#1
i wrote this last night and today figured out guitar and drums

V1

you sit there watching her

you don't know what to say

you've been thinking for a while

you get up and walk her way

your stomach's full of butterflies

your mind is filled with hope

suddenly you realize

things you did not know

V2

you sit down next to her

and look her in the eye

you want to say something

all you manage is 'Hi'

But she takes the que and she replies

with 'Hi' and 'How are you'

You say to her 'I'm doin' fine'

and you manage not to stutter this time

And it all works fine

V3

you start to see her every day

you think she's really great

after a good 18 months

it's time to celebrate

you take her out to dinner

on a lovely august night

you always knew you'd win her

and everything planned goes all right

and it all works fine

(bridge)

Outro

you proposed and she said yes

all in the same night

you're married now and living fine

everything is right

and it all worked fine


i know it is a little cliche, but that is why it is called "Every Other Time" because it only happens once in a while thanks for any help
#2
sorry guy not a fan of it :S make it more emo :P lol toss a twist in it to keep it interesting, no one likes happy endings, i dig the first 2 versus than i lost interest, outro in my opinion is horible :S n ot trying to be a dink jus trying to help lol

EDIT: end of first verse... what did u realize things u didn't know?.. shes a slut with a bf? jus leave it hanging hard..
#3
V1

you sit there watching her

you don't know what to say

you've been thinking for a while

you get up and walk her way

your stomach's full of butterflies

your mind is filled with hope

suddenly you realize

things you did not know


A good verse but the last line is disappointing. Using words with similar vowel sounds works to drive a poem but here you use the technique as a cop out from finding a word that rhymes well with hope. Also the statement "things you did not know" is vague and you don't elaborate on it later.


V2

you sit down next to her

and look her in the eye

you want to say something

all you manage is 'Hi'

But she takes the que and she replies

with 'Hi' and 'How are you'

You say to her 'I'm doin' fine'

and you manage not to stutter this time

And it all works fine


Heheh, I really like the fourth line. It captures a cute sort of puppy love feeling. I'm shy around girls so I can relate. You use vowel sounds to drive the song more effectively here, in the lines "you say...fine" and "you manage...time". You rhyme fine with fine but it sounds good, I just thought I should point it out to you in case it was unintentional.

V3

you start to see her every day

you think she's really great

after a good 18 months

it's time to celebrate

you take her out to dinner

on a lovely august night

you always knew you'd win her

and everything planned goes all right

and it all works fine

(bridge)


Maybe change "good" in the third line to something more expressive, the description sounds flat. "lovely august night" is cliche but I like it anyway . Rhyming dinner with win her was clever, it seems most of the time I see people rhyme one word with two an awkward sort of stutter results but your rhyme is perfectly smooth. The repeated "and it all works fine" really pulls the song together.

Outro

you proposed and she said yes

all in the same night

you're married now and living fine

everything is right

and it all worked fine


Wound down nicely, not too long, not too short.

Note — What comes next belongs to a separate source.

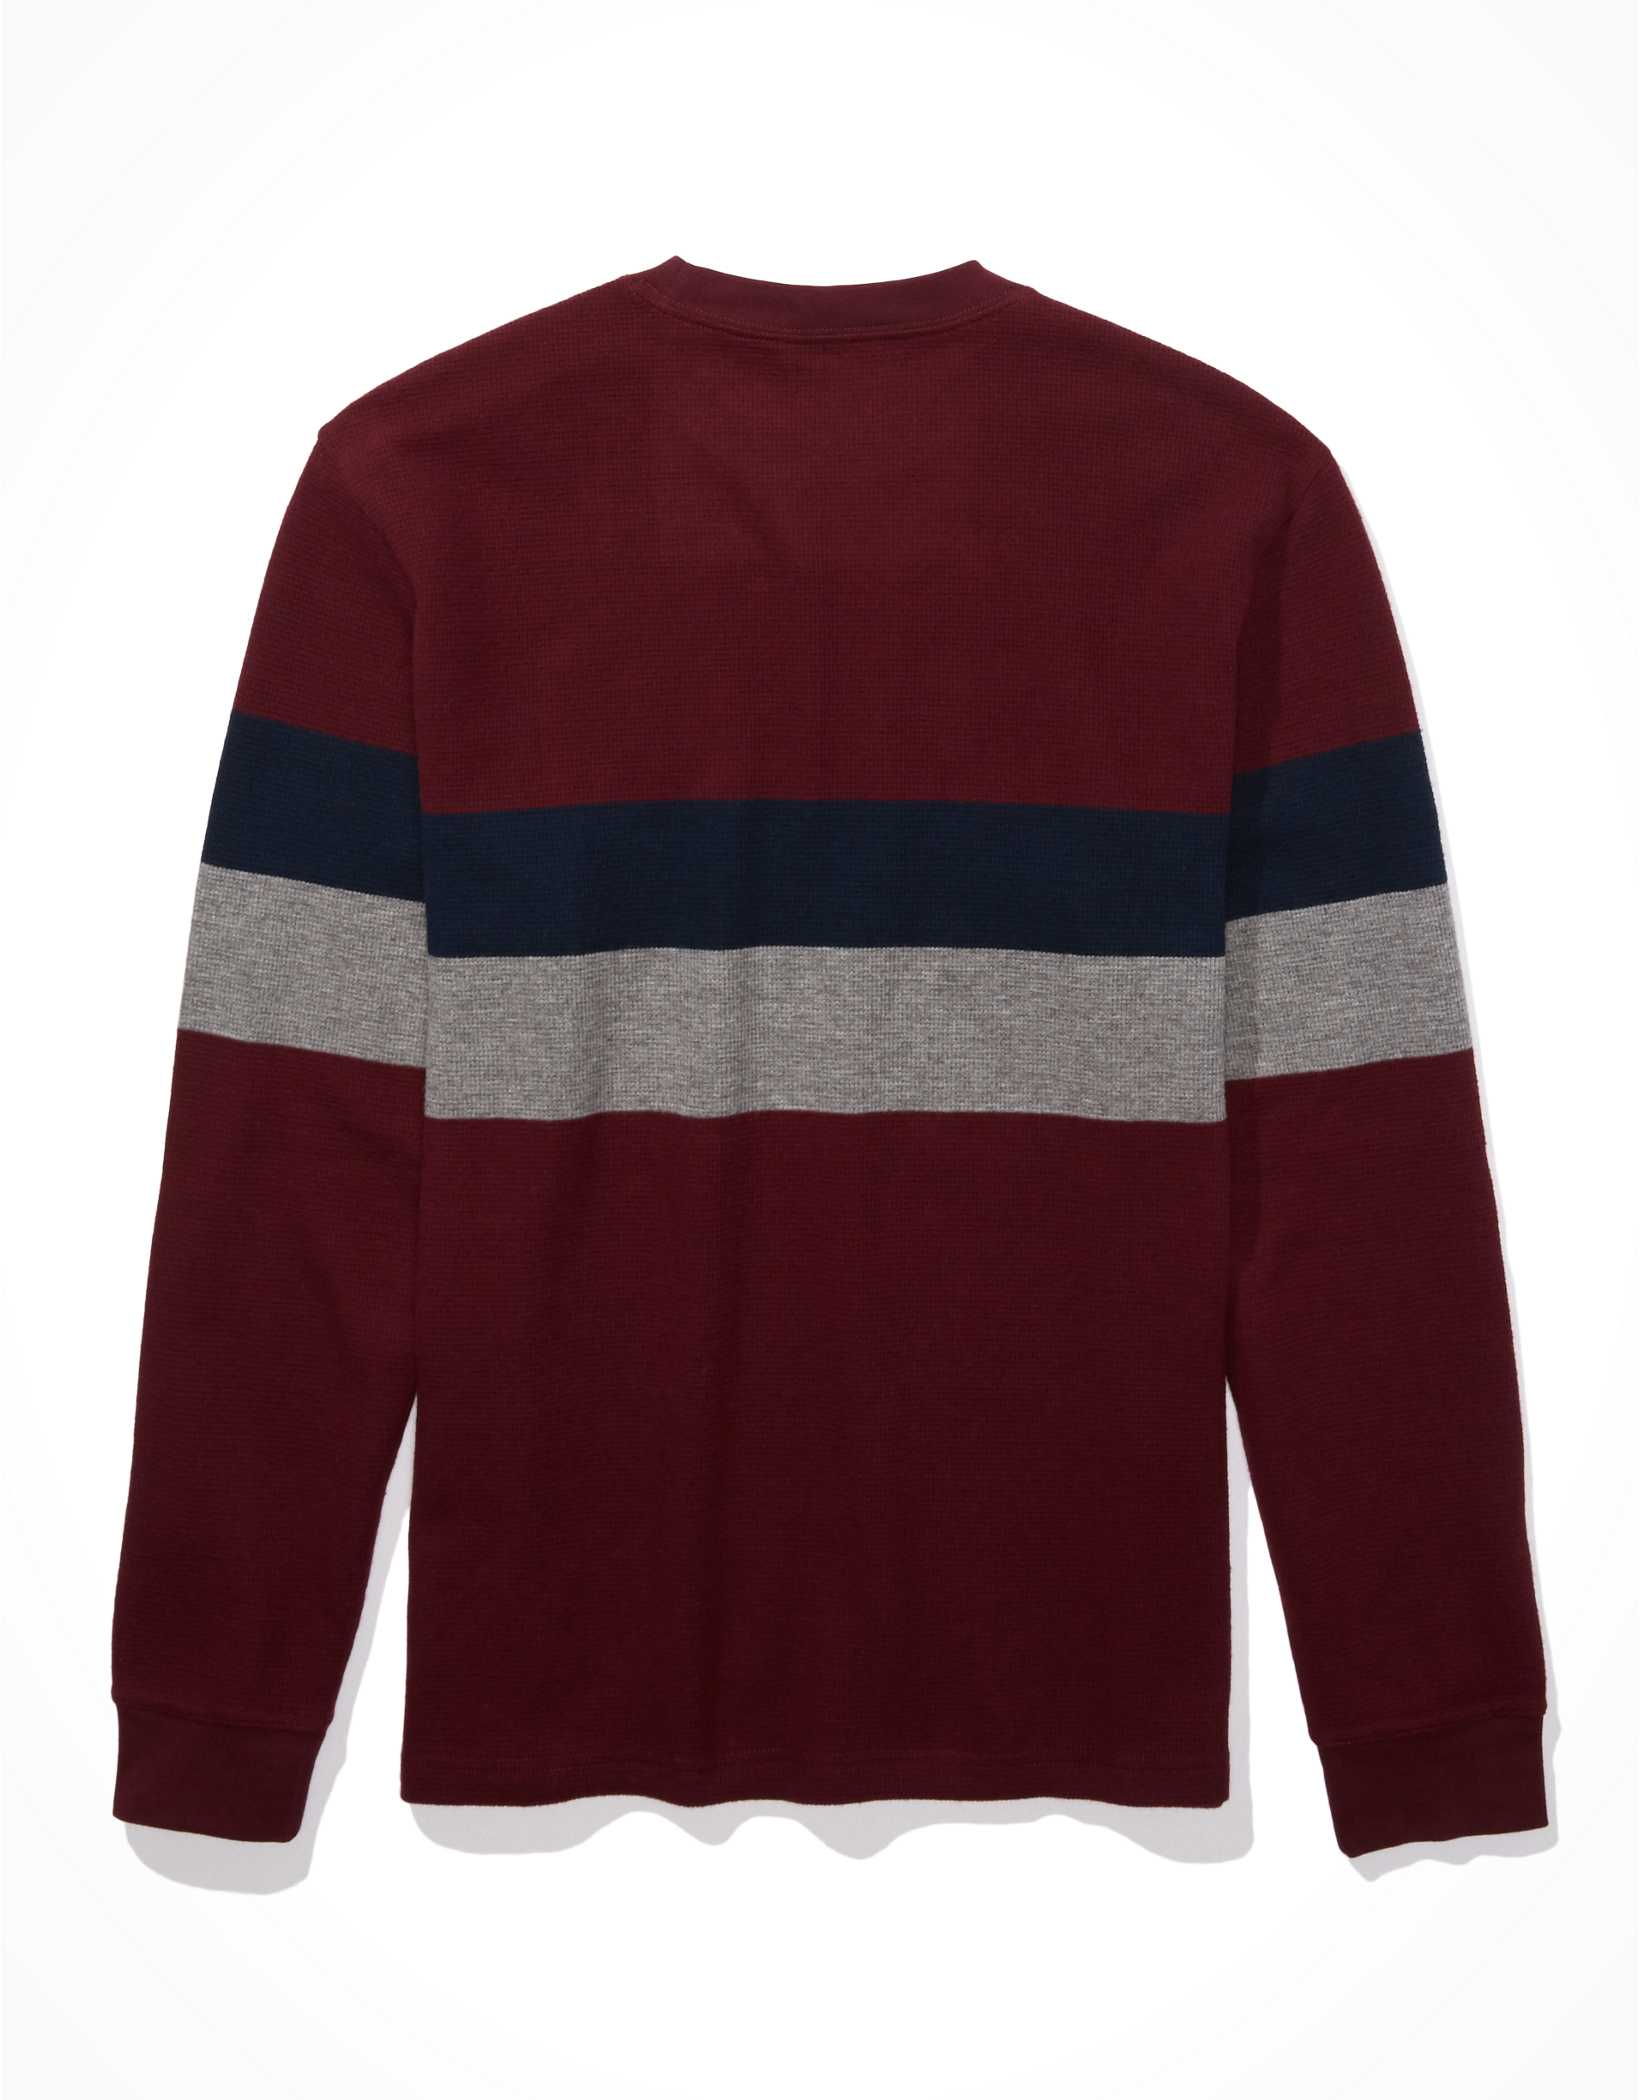 AE Long-Sleeve Thermal Shirt

Your rhyming is cliche but it works here because it gives the song a cute, happy feel to it. Overall I would say its not a cliche work; love laments are a dime a dozen but its rare that someone writes a happy, and still entertaining, love song. And it is entertaining, which is what is really important, right? Nobody is going to accuse you of being cliche if you manage to give your rhymes meaning and life, which you have accomplished. I would say just work on the rhymes a little bit, especially the end of the first verse, so long as you don't take away from the simple beauty of it. Good job! If you would be so kind I'm in need of critiques myself: https://www.ultimate-guitar.com/forum/showthread.php?t=845462

Quote by guilty09
sorry guy not a fan of it :S make it more emo :P lol toss a twist in it to keep it interesting, no one likes happy endings, i dig the first 2 versus than i lost interest, outro in my opinion is horible :S n ot trying to be a dink jus trying to help lol

EDIT: end of first verse... what did u realize things u didn't know?.. shes a slut with a bf? jus leave it hanging hard..


And as for you young man, for god's sake, at least pass middle school English before you give such harsh, undeserved and poorly thought out reviews. Or if thats not the case, you should really quit drinking because even your internet voice is starting to slur.